Re: [E] HllSketch / Union Wrapping WriteableMemory

Posted by Ryan Berti <rb...@netflix.com.INVALID>.

(Resending this to dev)

Hi Alexander,

Yes - the Spark ImperativeAggregate API has the traditional
initialize/update/merge/eval methods, but the framework doesn't seem to
make guarantees about whether serialization will occur between consecutive
update calls or only between update and merge calls. In debugging my
initial implementation, I saw a lot of serialization/deserialization
occurring so wanted to investigate having the framework pass around a byte
buffer (rather than serializing/deserializing on-heap HllSketch instances).

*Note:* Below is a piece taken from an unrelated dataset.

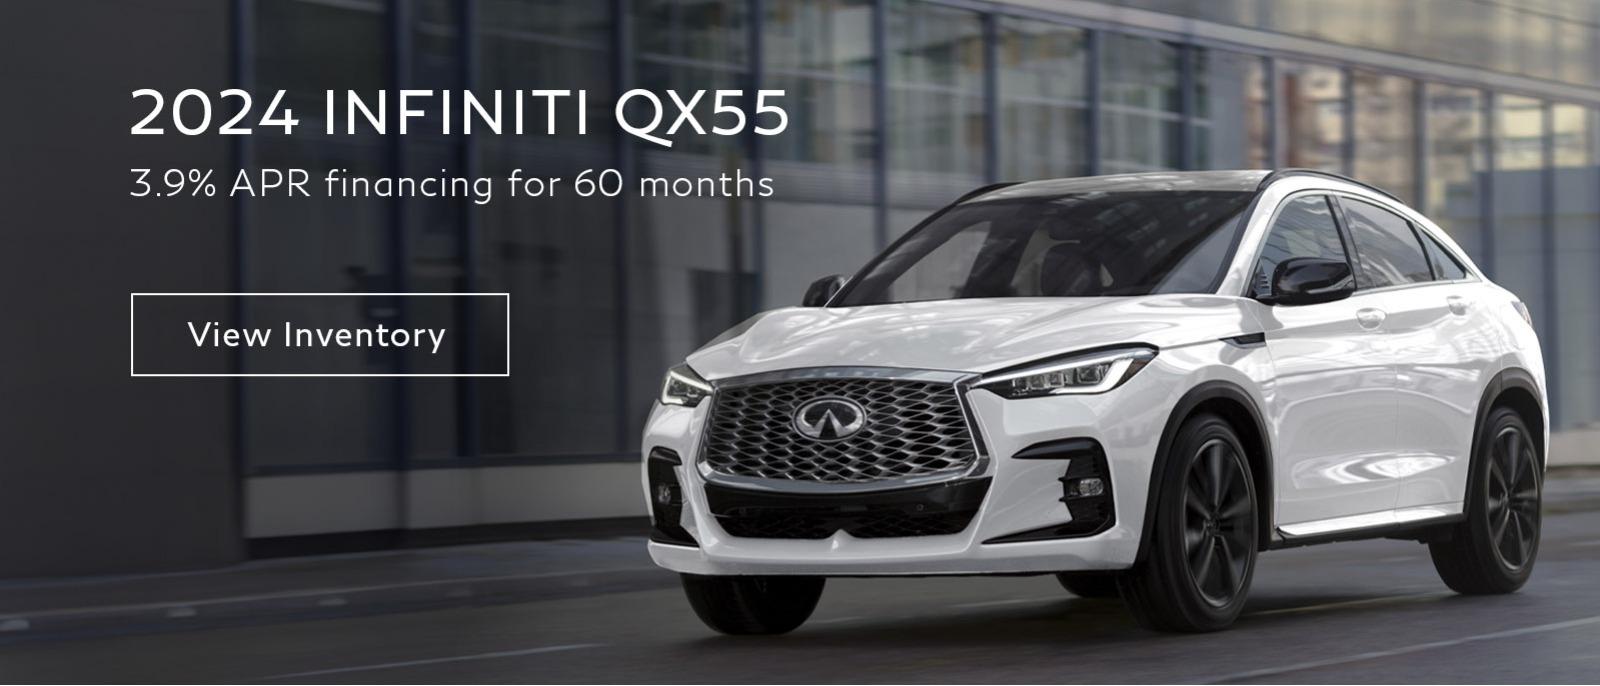 3.9% APR Financing for 60 Months on 2024 INFINITI QX55

Regarding the Union question - here's the exception thrown in
Union.writableWrap
<https://github.com/apache/datasketches-java/blob/fbe2fd440353caebba21aebef41c63bdb30b5e0e/src/main/java/org/apache/datasketches/hll/Union.java#L134-L136>
when
the underlying sketch is not of type HLL_8. I'm wondering if this is the
expected process when we've configured the use of HLL_4 sketches (assuming
sketches are all configured the same way) ?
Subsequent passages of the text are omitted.